WHAT THE TASK REQUIRES
Print the lines below word for word, beginning with the first and ending with the line that holds "Wach auf, mein", and skip every picture.
##### PROVIDED DATA
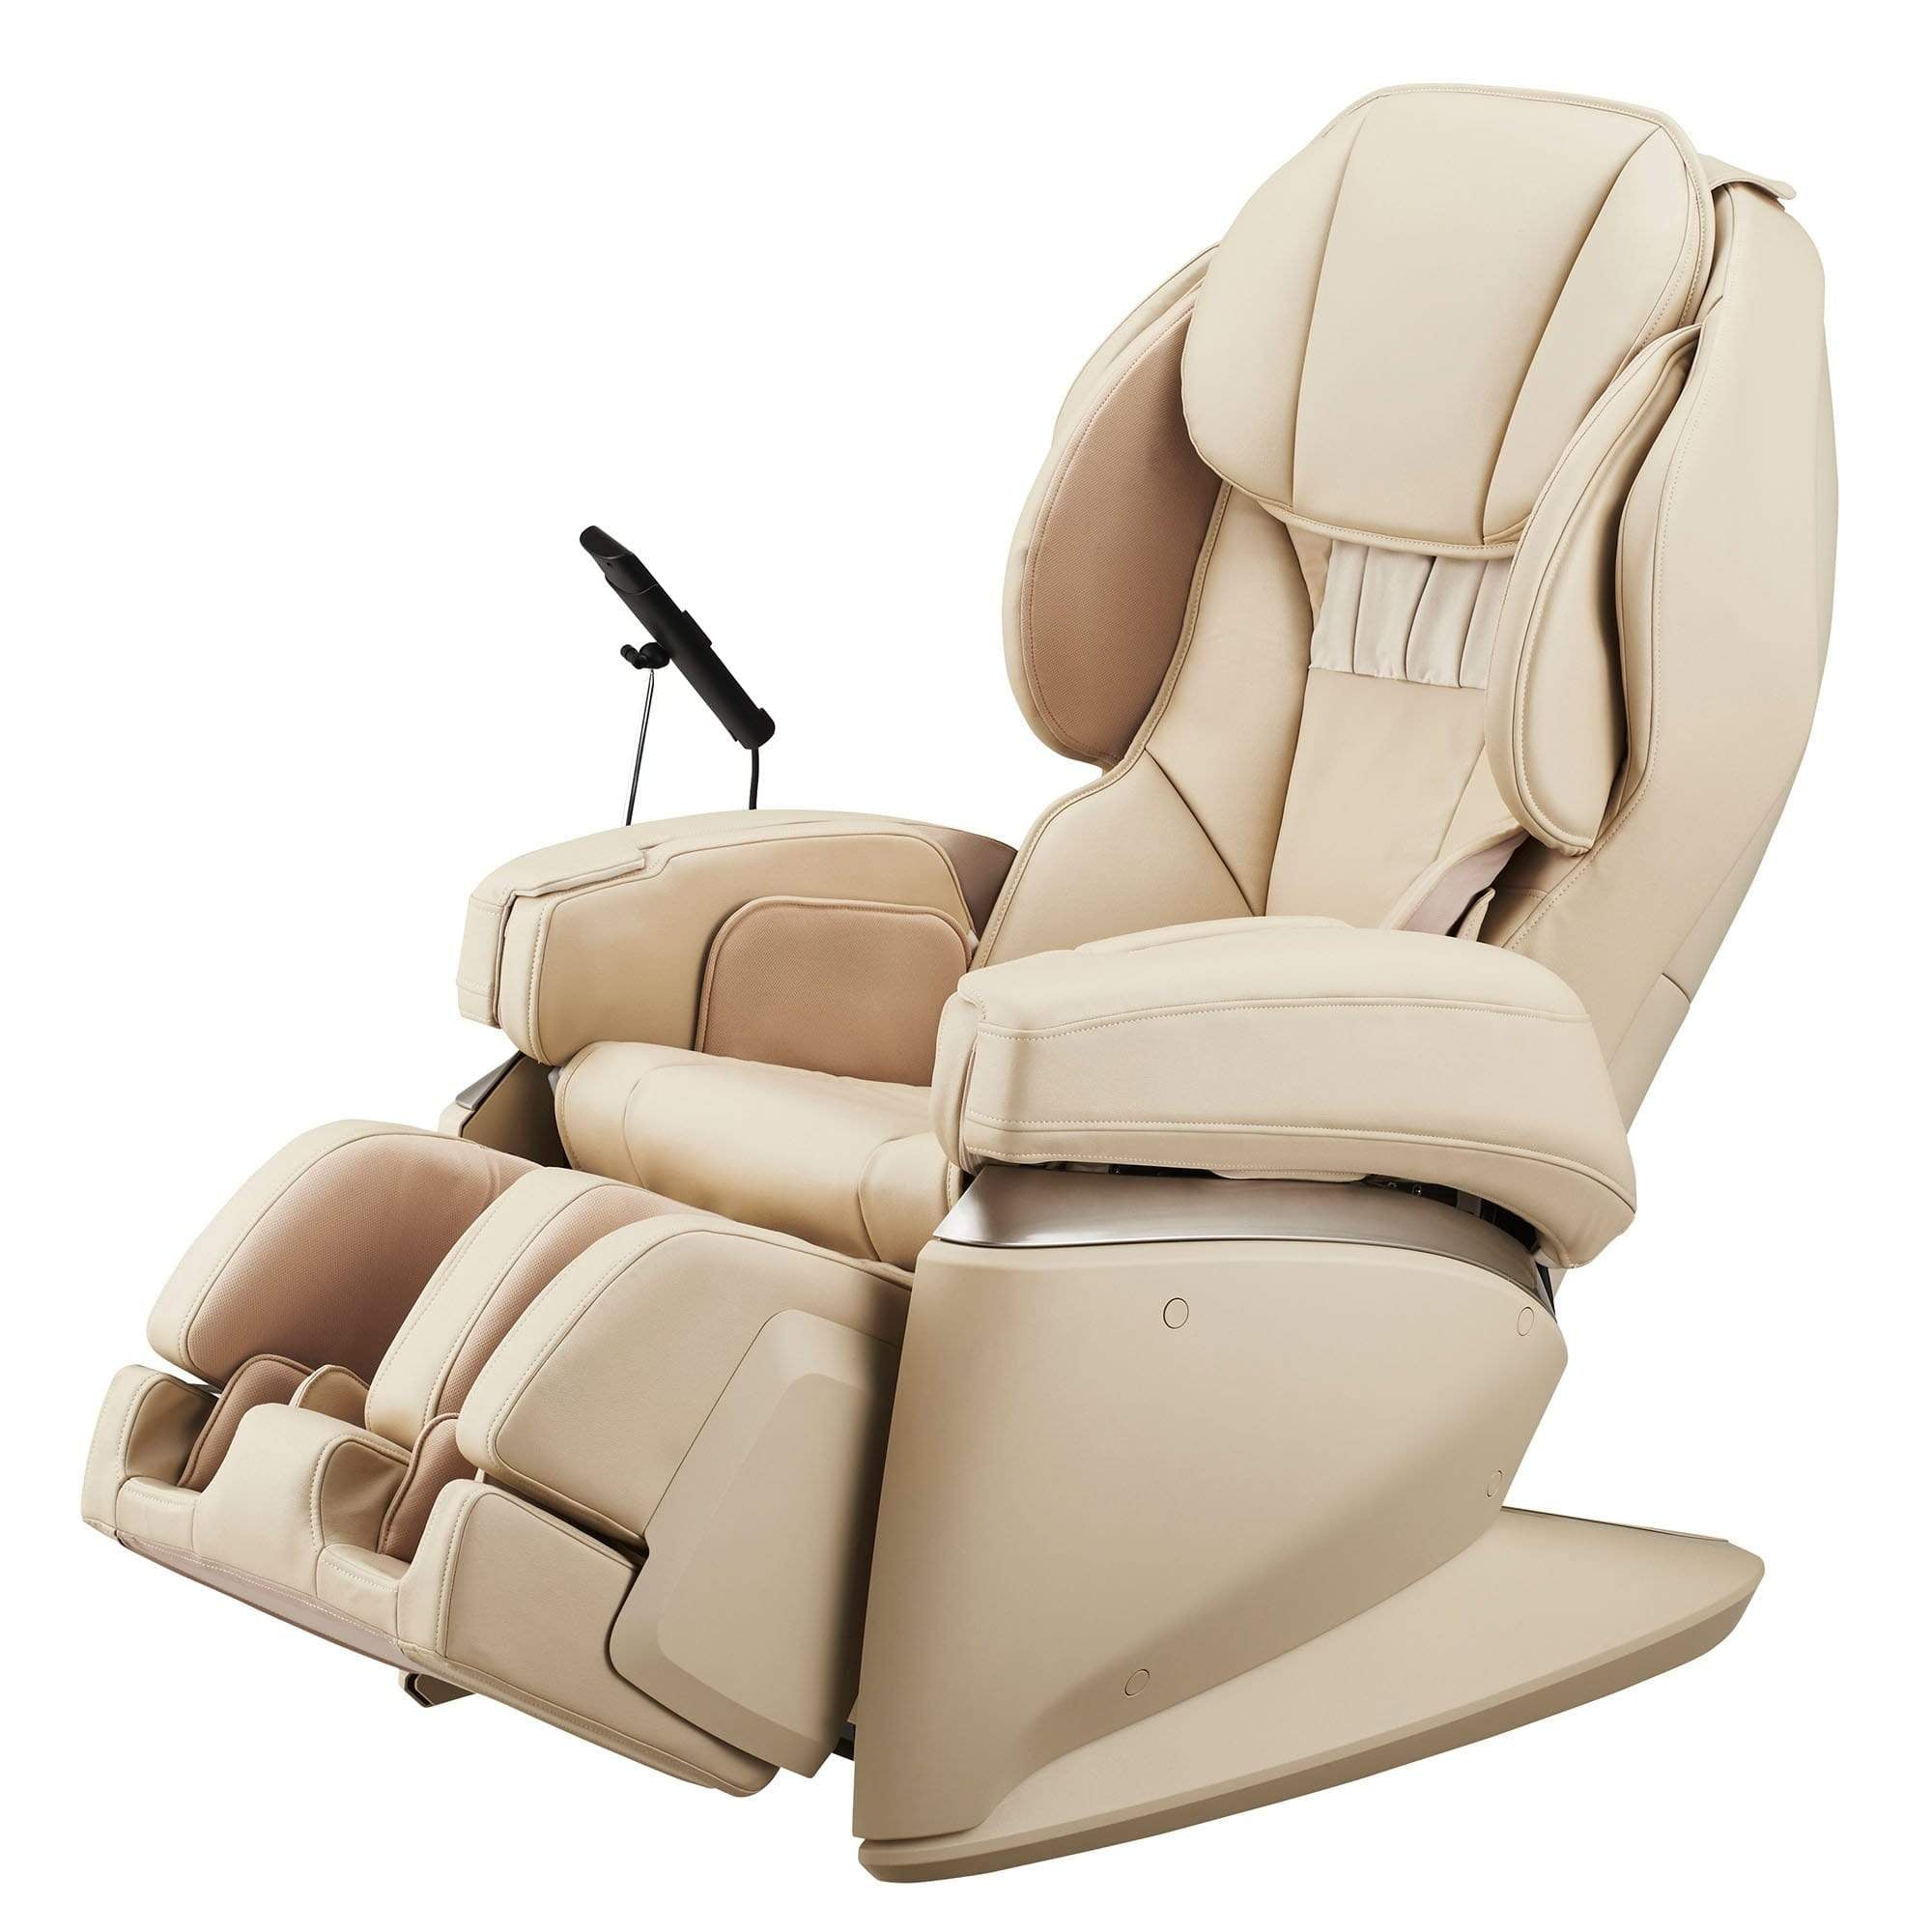 https://acemassagechairs.com/cdn/shop/products/synca-synca-4d-ultra-premium-massage-chair-jp1100-beige-massage-chair-smr0005-11na-23652334960827.jpg?v=1615009138&width=2000
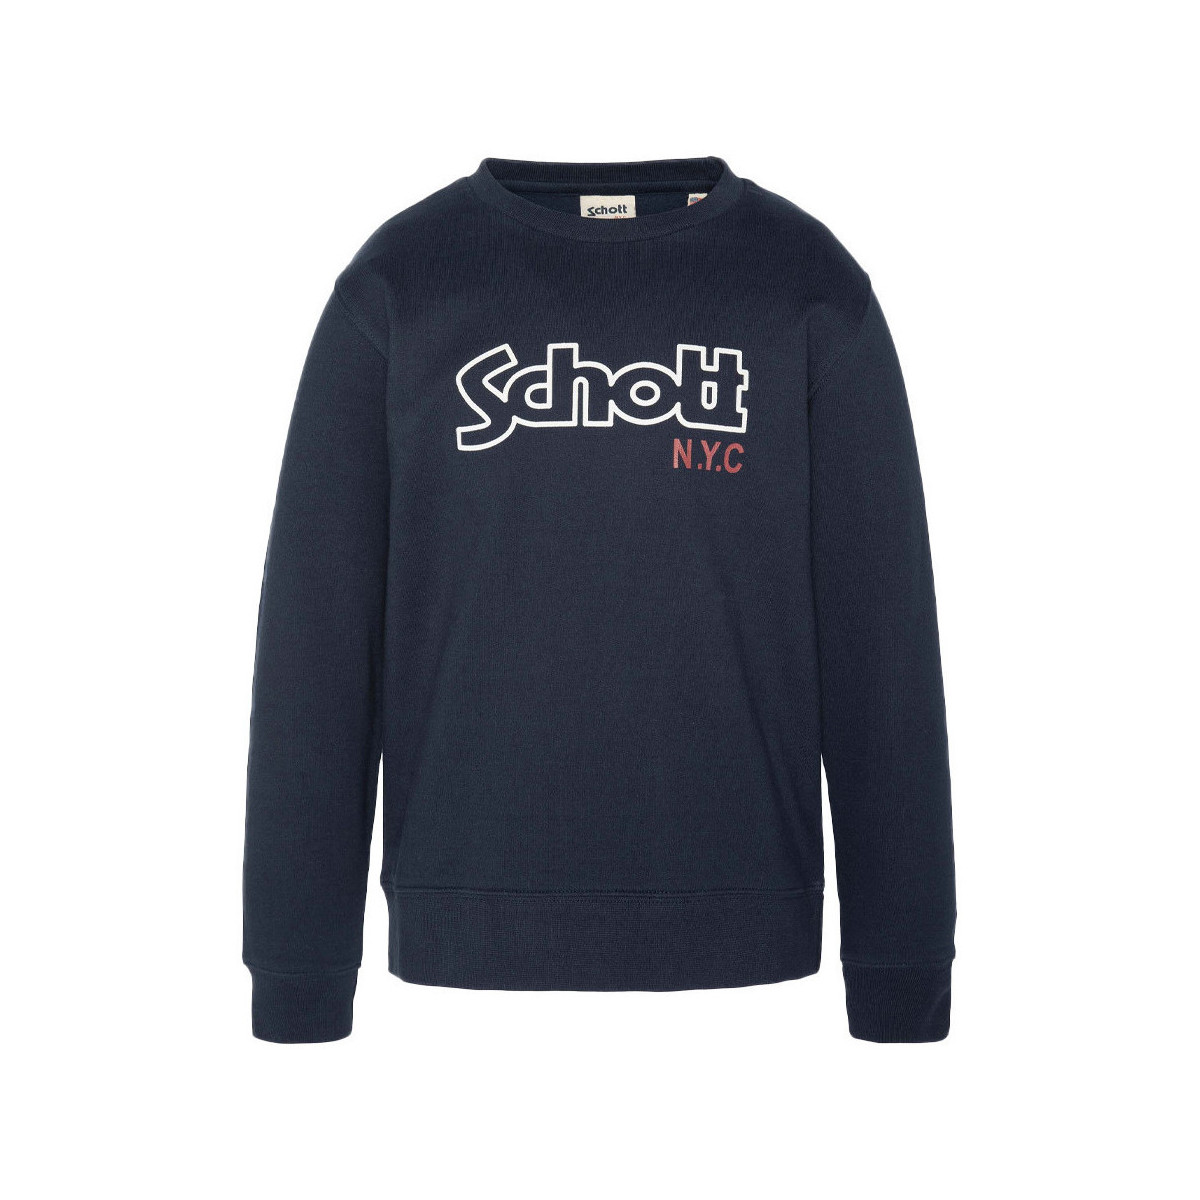 Textiel Jongens Sweaters / Sweatshirts Schott  Blauw
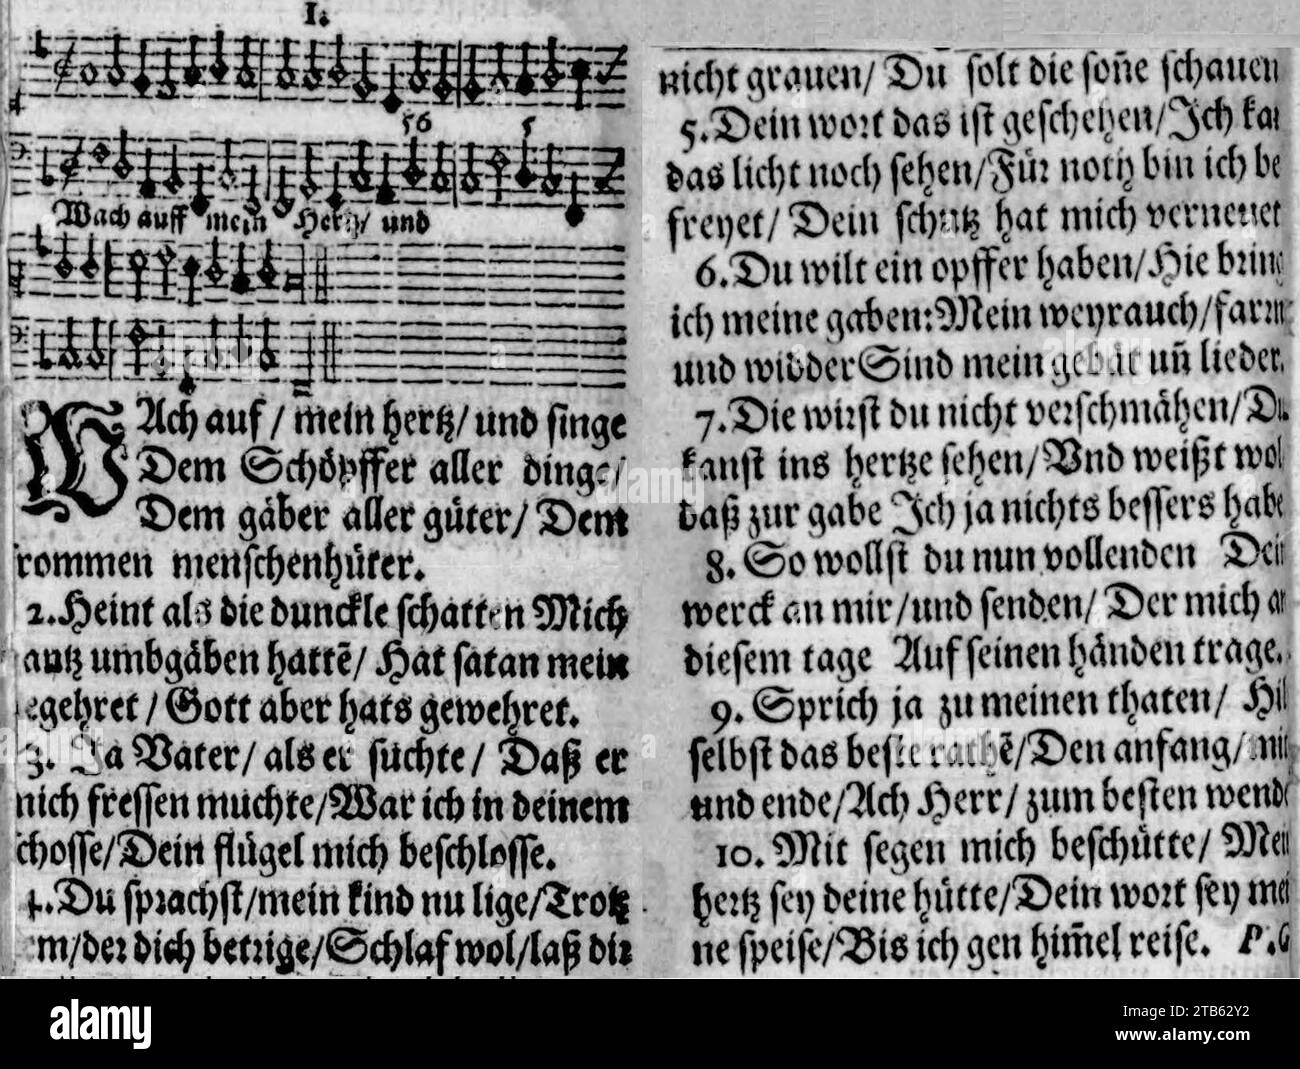 Wach auf, mein Herz, und singe (Praxis Pietatis Melica 1653). Stock Photo
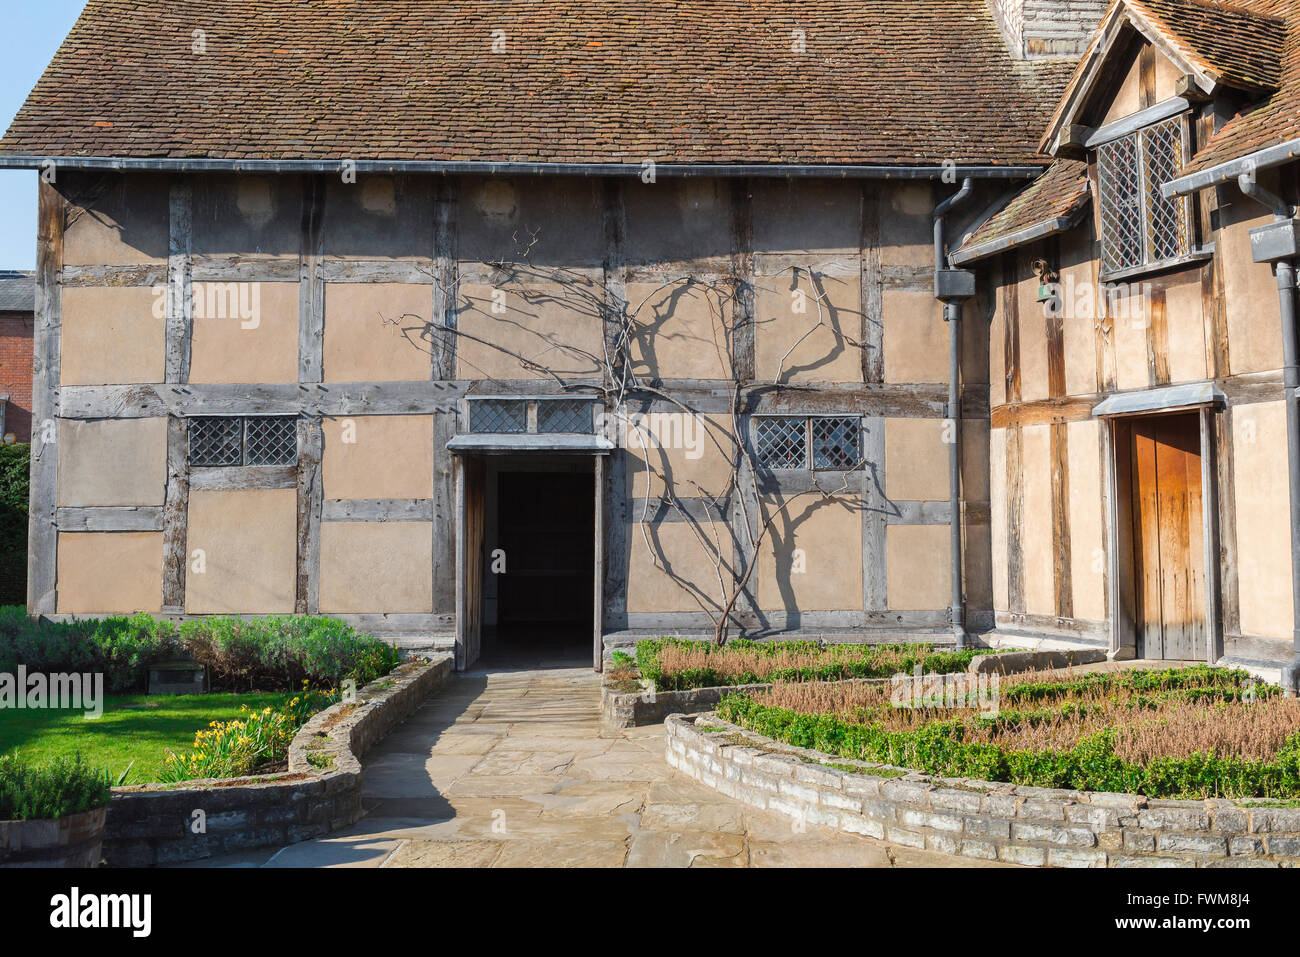 Fachwerkbau, Blick auf die Rückseite des mittelalterlichen Fachwerkhauses, in dem Shakespeare in der Henley Street, Stratford Upon Avon, England, geboren wurde Stockfoto
##########
ANSWER BOX
 https://acemassagechairs.com/cdn/shop/products/synca-synca-4d-ultra-premium-massage-chair-jp1100-beige-massage-chair-smr0005-11na-23652334960827.jpg?v=1615009138&width=2000
 Textiel Jongens Sweaters / Sweatshirts Schott  Blauw
 Wach auf, mein Herz, und singe (Praxis Pietatis Melica 1653). Stock Photo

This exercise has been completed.